RFR: JDK-8075706 : Policy implementation does not allow policy.provider to be on the class path
Alan Bateman
Alan.Bateman at oracle.com
Fri May 8 15:11:27 UTC 2015
On 05/05/2015 22:37, Sean Mullan wrote:
> I was trying to avoid too many changes, but in the end I decided it
> was better to refactor some of this code into a new method. So here is
> the new webrev:
>
> http://cr.openjdk.java.net/~mullan/webrevs/8075706/webrev.02/
>
> Changes include:
>
> - bootstrapping code moved to new method named loadPolicyProvider
> - added Alan's suggestion to fallback to SCL only if CNFE is thrown
> - instantiated default policy provider directly instead of using
> reflection if property has not been changed or is not set
> - addressed Mandy's comment about formatting
> - enhanced test to cover more cases
>
I don't have cycles to look at the test but the changes to PolicyFile
looks okay, and in line with what was there previously.
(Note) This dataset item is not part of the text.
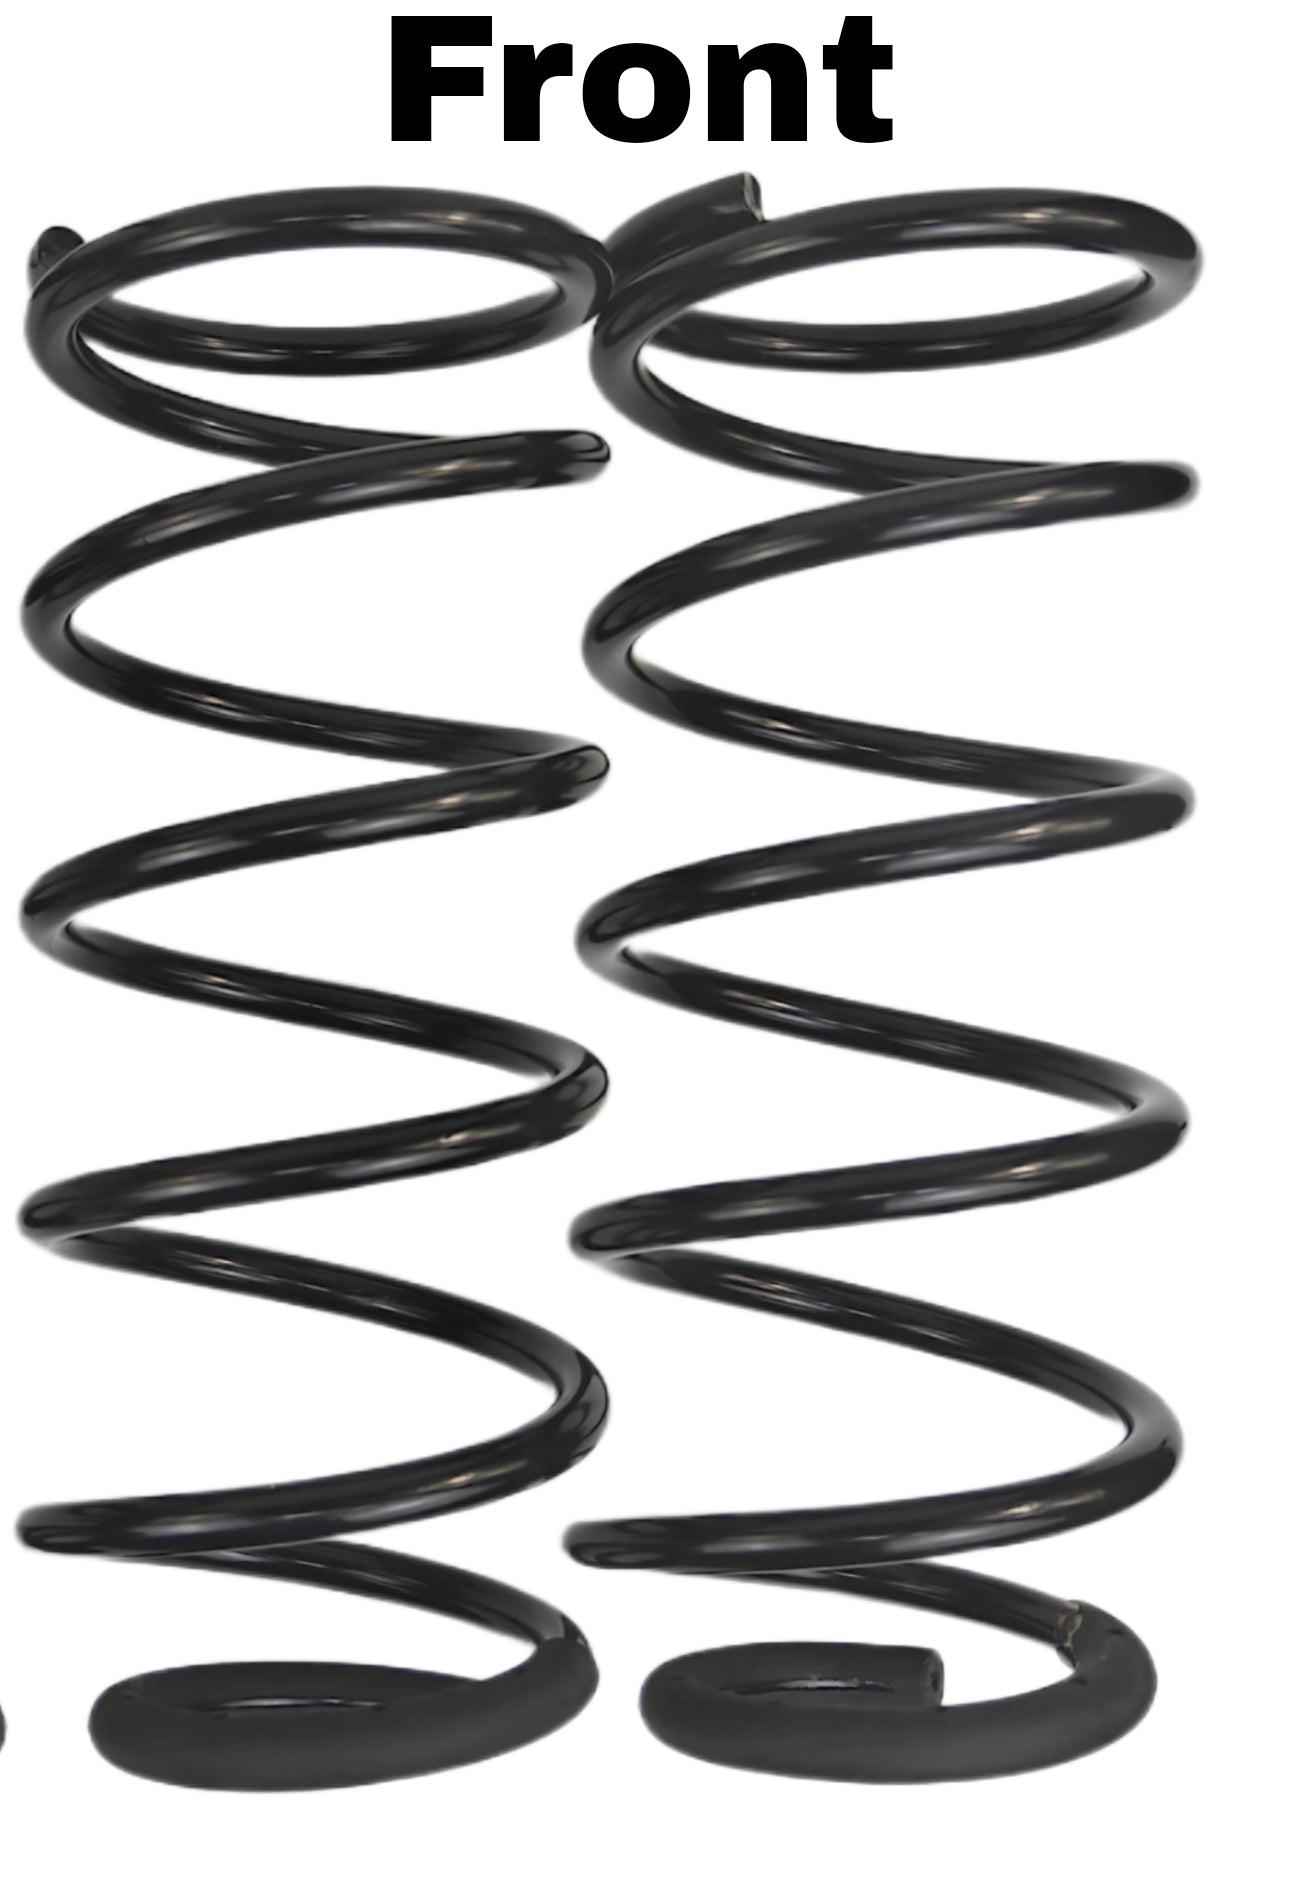 HURRICANE PERFORMANCE 2 INCH COIL SPRING SET (FRONT & REAR) FOR NISSAN Y61 - 2 DOOR

As getting the
value of the security.provider property involves a permission check then
I assume that isSet is guaranteed to be called before this code
executes, otherwise there would be another potential way to get
recursive initialization.
One small inconsistency is that Class.forName when trying to locate the
provider on the boot loader doesn't run the static initializers whereas
it does for the attempt to locate it via the system class loader.
-Alan.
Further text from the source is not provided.